EXERCISE: Your answer must be an exact transcription of the data, with every picture omitted.

DATA PROVIDED:
========================================================================

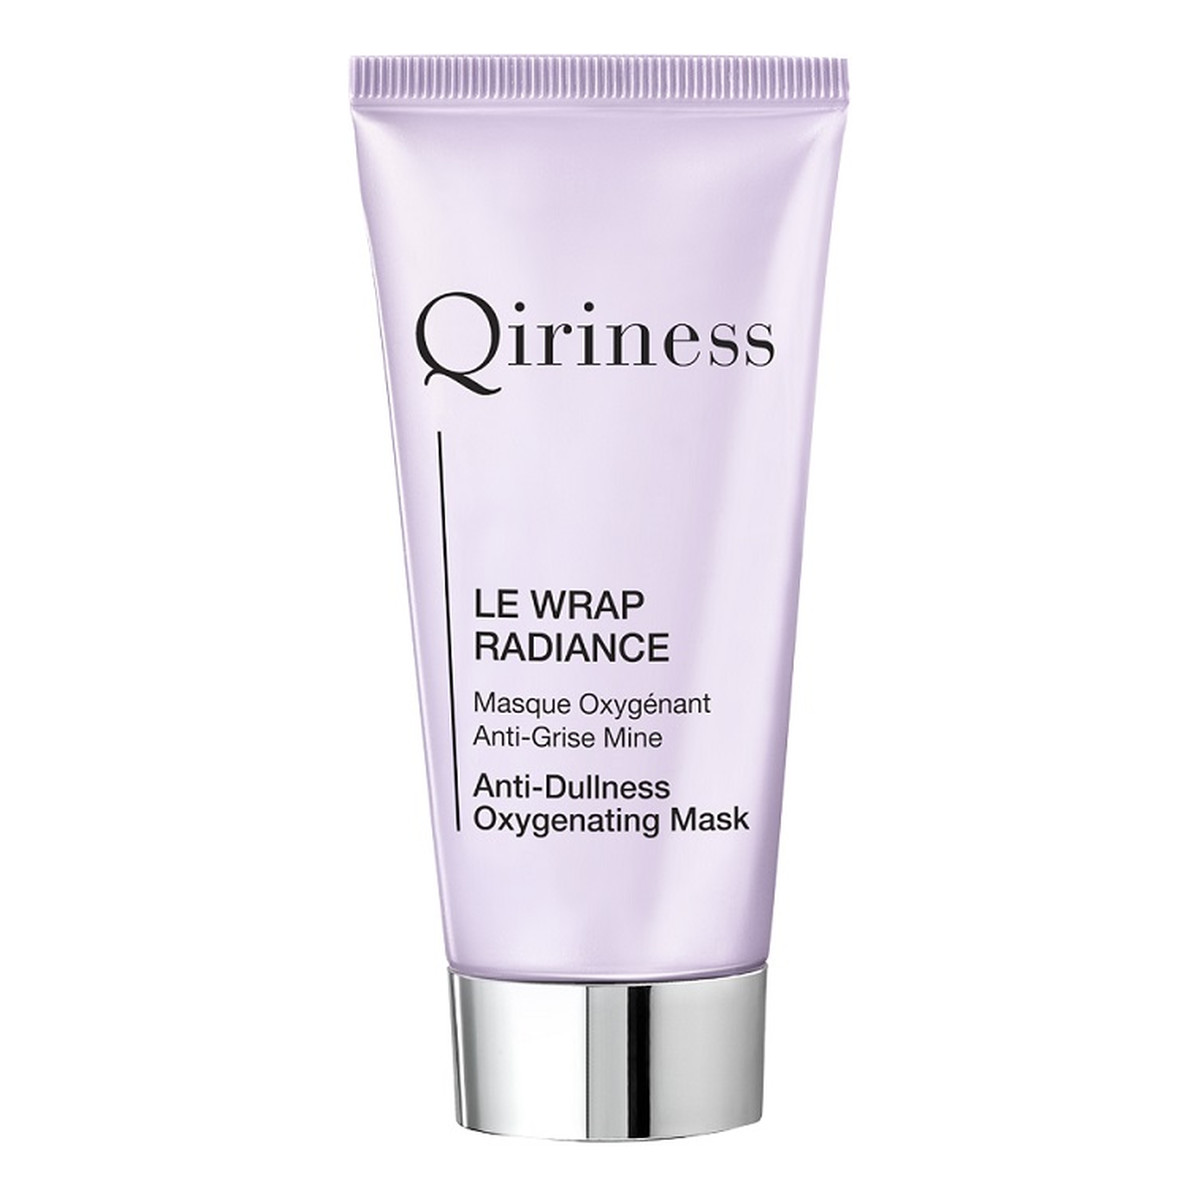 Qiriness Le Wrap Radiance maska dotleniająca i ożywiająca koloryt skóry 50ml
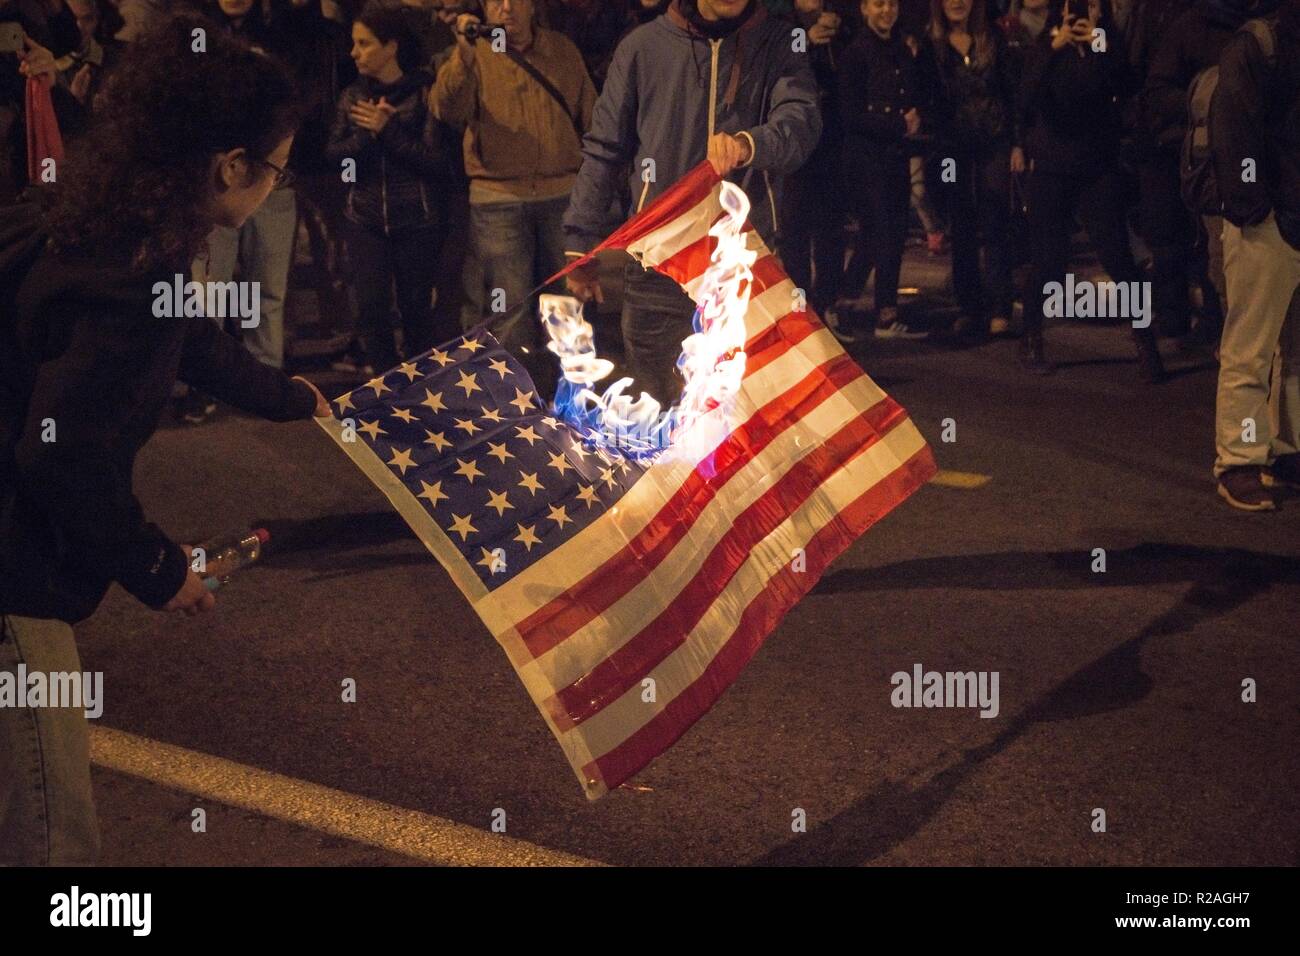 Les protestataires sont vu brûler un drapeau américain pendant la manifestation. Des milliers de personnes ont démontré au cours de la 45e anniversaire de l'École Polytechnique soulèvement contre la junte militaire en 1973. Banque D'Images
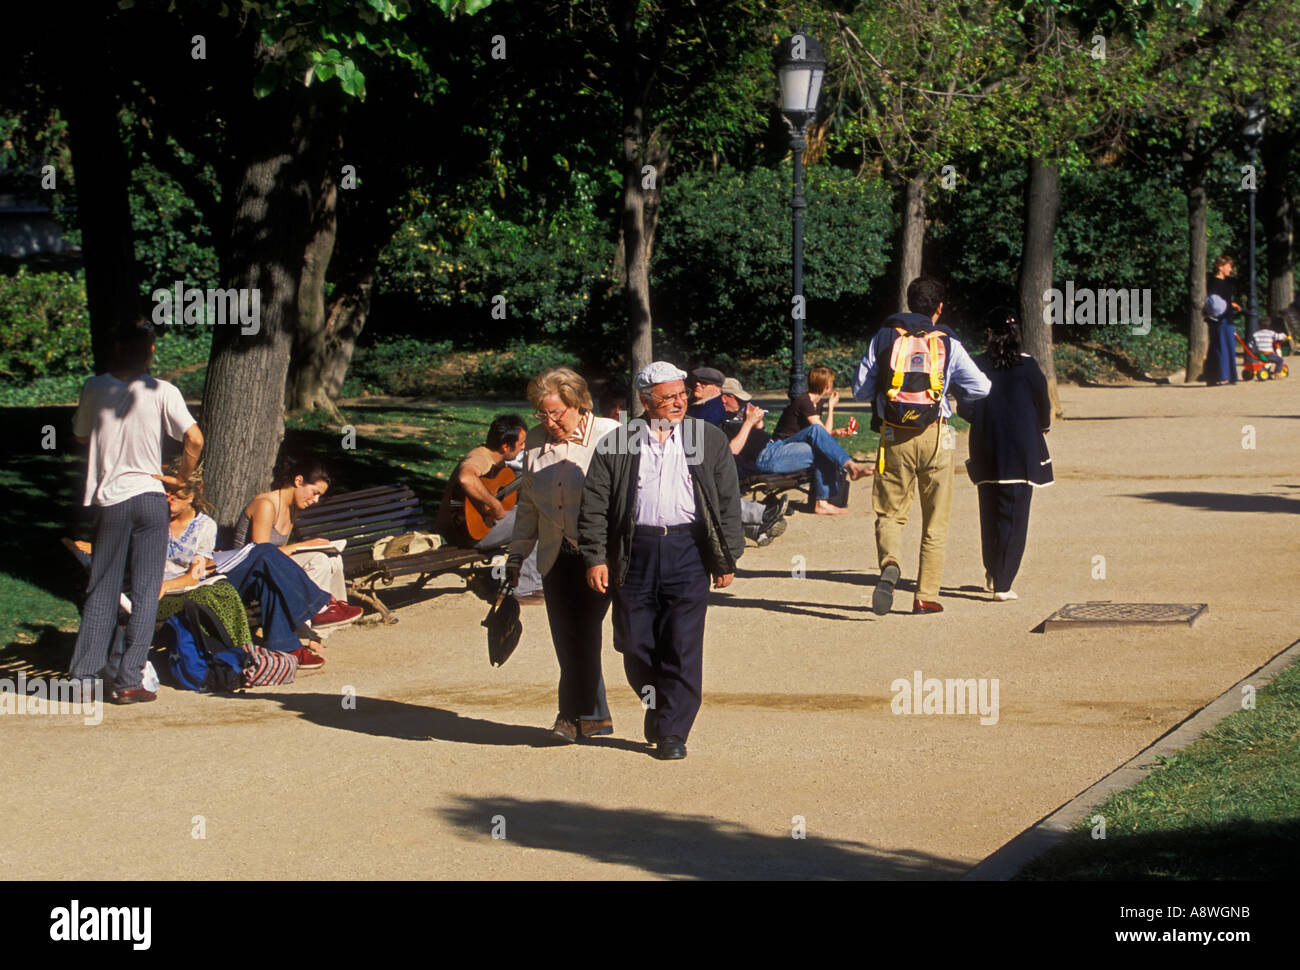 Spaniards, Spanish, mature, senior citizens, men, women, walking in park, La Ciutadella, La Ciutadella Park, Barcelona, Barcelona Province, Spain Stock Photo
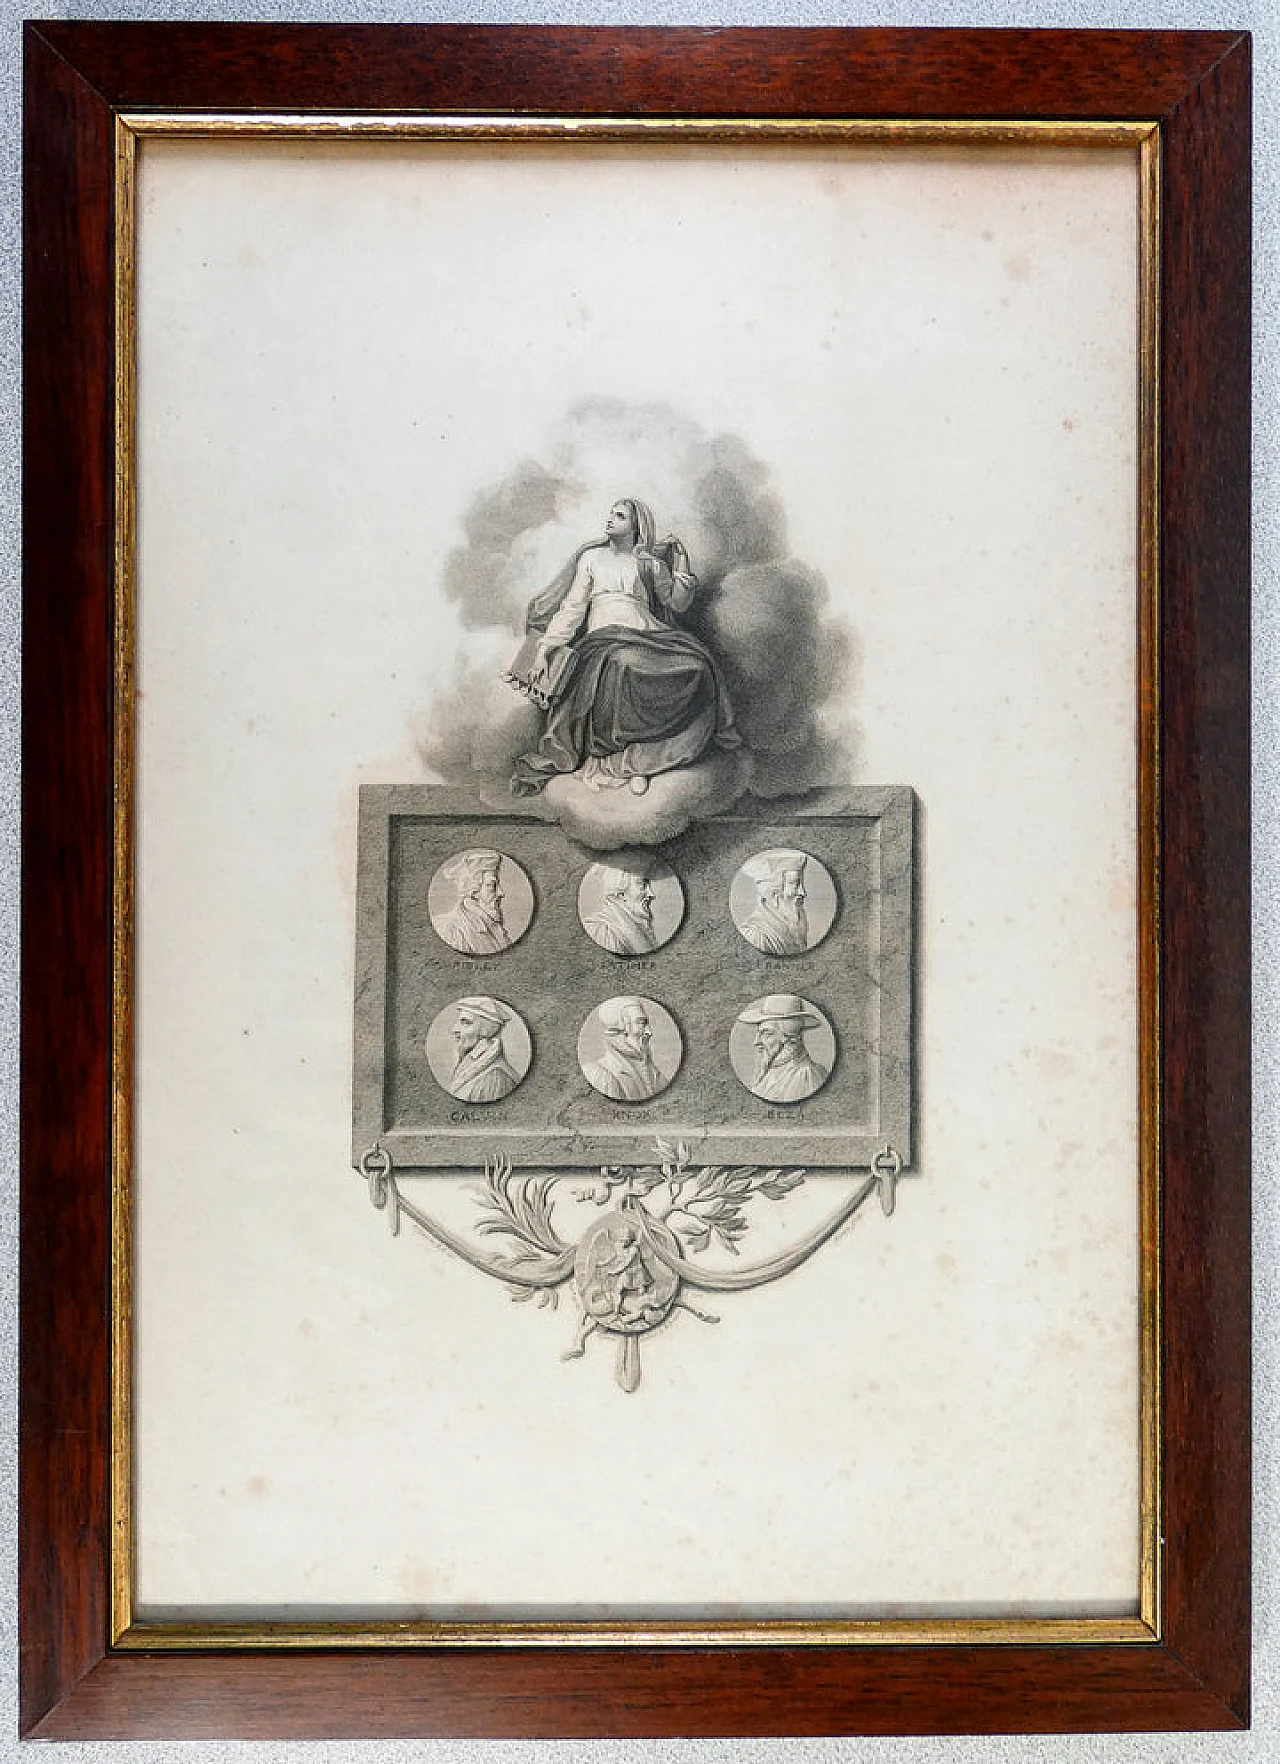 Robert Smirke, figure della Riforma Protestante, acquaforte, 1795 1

========================================================================

ANSWER BOX:
 Qiriness Le Wrap Radiance maska dotleniająca i ożywiająca koloryt skóry 50ml
 Les protestataires sont vu brûler un drapeau américain pendant la manifestation. Des milliers de personnes ont démontré au cours de la 45e anniversaire de l'École Polytechnique soulèvement contre la junte militaire en 1973. Banque D'Images
 Spaniards, Spanish, mature, senior citizens, men, women, walking in park, La Ciutadella, La Ciutadella Park, Barcelona, Barcelona Province, Spain Stock Photo
 Robert Smirke, figure della Riforma Protestante, acquaforte, 1795 1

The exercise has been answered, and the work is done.